Vitamin B12 and folate complete the picture. B12 deficiency causes macrocytic anemia and, if prolonged, irreversible neurological damage through demyelination. It is particularly common in older adults, vegans, and long-term metformin users.
References:
- Yokoi K, Konomi A. (2017). Iron deficiency without anaemia is a potential cause of fatigue. British Journal of Nutrition, 117(10), 1422-1431. PubMed
- Al-Naseem A, et al. (2021). Iron deficiency without anaemia: a diagnosis that matters. Clinical Medicine, 21(2), 107-113. PubMed
Homocysteine: The Underordered Cardiovascular Marker
Elevated homocysteine is an independent risk factor for cardiovascular disease and stroke rarely included in standard panels. The mechanism is direct: it promotes endothelial dysfunction, oxidative stress, and a pro-thrombotic state. A meta-analysis published in JAMA in 2002 found that a 25% lower homocysteine level was associated with an 11% lower ischemic heart disease risk and a 19% lower stroke risk. A subsequent meta-analysis confirmed it as an independent predictor of cardiovascular and all-cause mortality.

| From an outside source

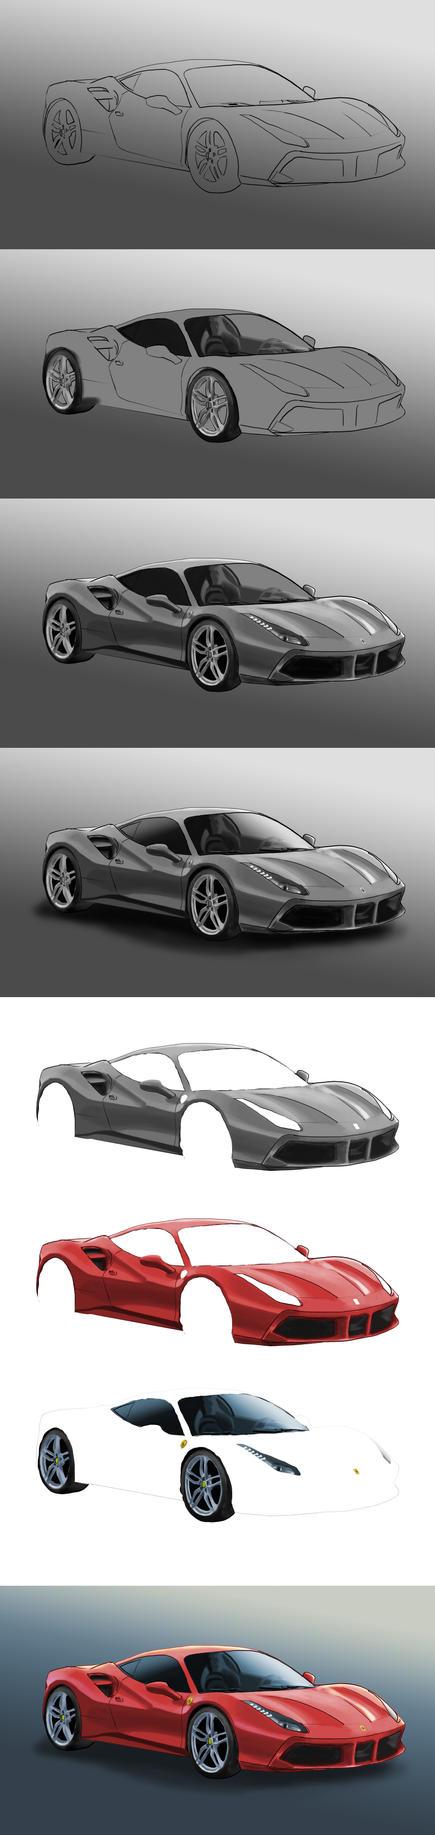 Ferrari 488 Colour Process by TAMAKINGHINI

Levels above 15 micromol/L are considered elevated. B12, folate, and B6 are the three cofactors that regulate clearance. Supplementation in deficient individuals consistently reduces plasma levels, though whether lowering homocysteine directly reduces clinical events remains debated.
References:
- Homocysteine Studies Collaboration. (2002). Homocysteine and risk of ischemic heart disease and stroke: a meta-analysis. JAMA, 288(16), 2015-2022. PubMed
- Peng HY, Man CF, Xu J, Fan Y. (2015). Elevated homocysteine levels and risk of cardiovascular and all-cause mortality. Journal of Zhejiang University-SCIENCE B, 16(1), 78-86. PubMed
- Refsum H, et al. (2006). The Hordaland Homocysteine Study. Journal of Nutrition, 136(6 Suppl), 1731S-1740S. PubMed
Uric Acid: More Than Gout
Uric acid is the final product of purine metabolism in humans. Its clinical significance extends well beyond gout. Elevated levels activate the renin-angiotensin system, promote oxidative stress, impair endothelial function, and cluster predictably with high triglycerides, low HDL, elevated fasting glucose, and hypertension. It is not an innocent bystander in metabolic syndrome, it is an active participant.

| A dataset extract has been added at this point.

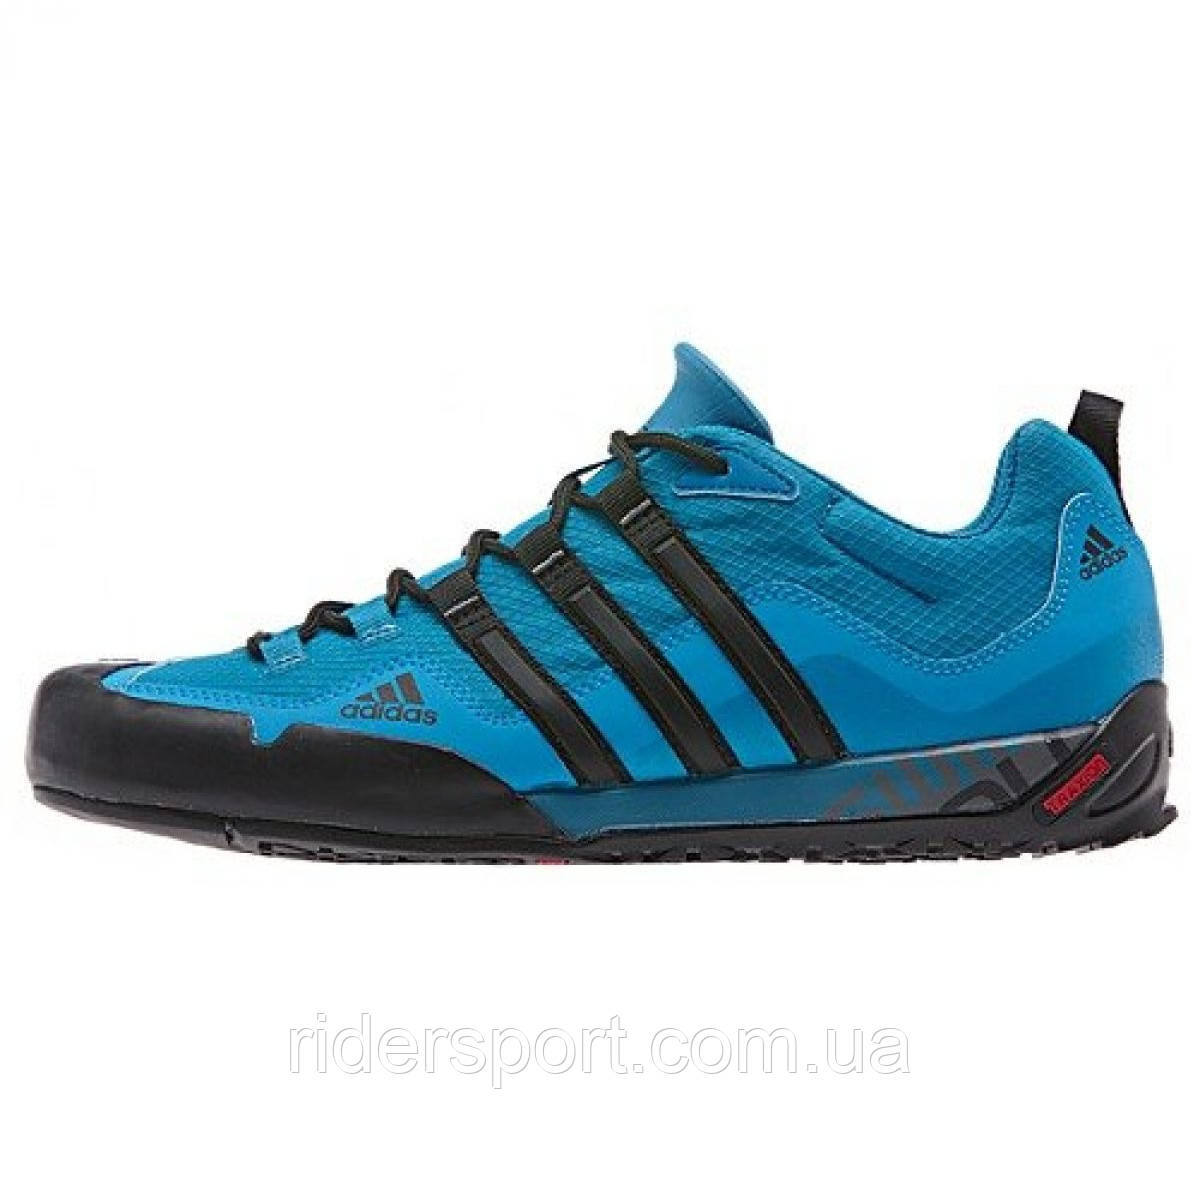 Кроссовки Adidas TERREX SWIFT SOLO D67033

Levels above 7 mg/dL in men and 6 mg/dL in women are considered hyperuricemia. Primary dietary drivers are fructose from sugar-sweetened beverages, alcohol, red meat, and organ meats. In a preventive panel, elevated uric acid alongside other metabolic markers identifies a phenotype with substantially elevated cardiometabolic risk that lifestyle intervention can meaningfully modify.
References:
- Soltani Z, et al. (2013). Potential role of uric acid in metabolic syndrome, hypertension, kidney injury, and cardiovascular diseases. Current Hypertension Reports, 15(3), 175-181. PubMed
- Kanbay M, et al. (2016). Uric acid in metabolic syndrome: from an innocent bystander to a central player. European Journal of Internal Medicine, 29, 3-8. PubMed
How to Get the Most From Your Lab Results
Request a copy of your results every time. Track trends over serial measurements rather than reacting to single values. Ask not just whether a result is normal, but where it falls within the range and whether it has been moving in a consistent direction over years.
Understanding your own biology is not a privilege reserved for healthcare professionals. It is information you are entitled to use in making decisions about your health.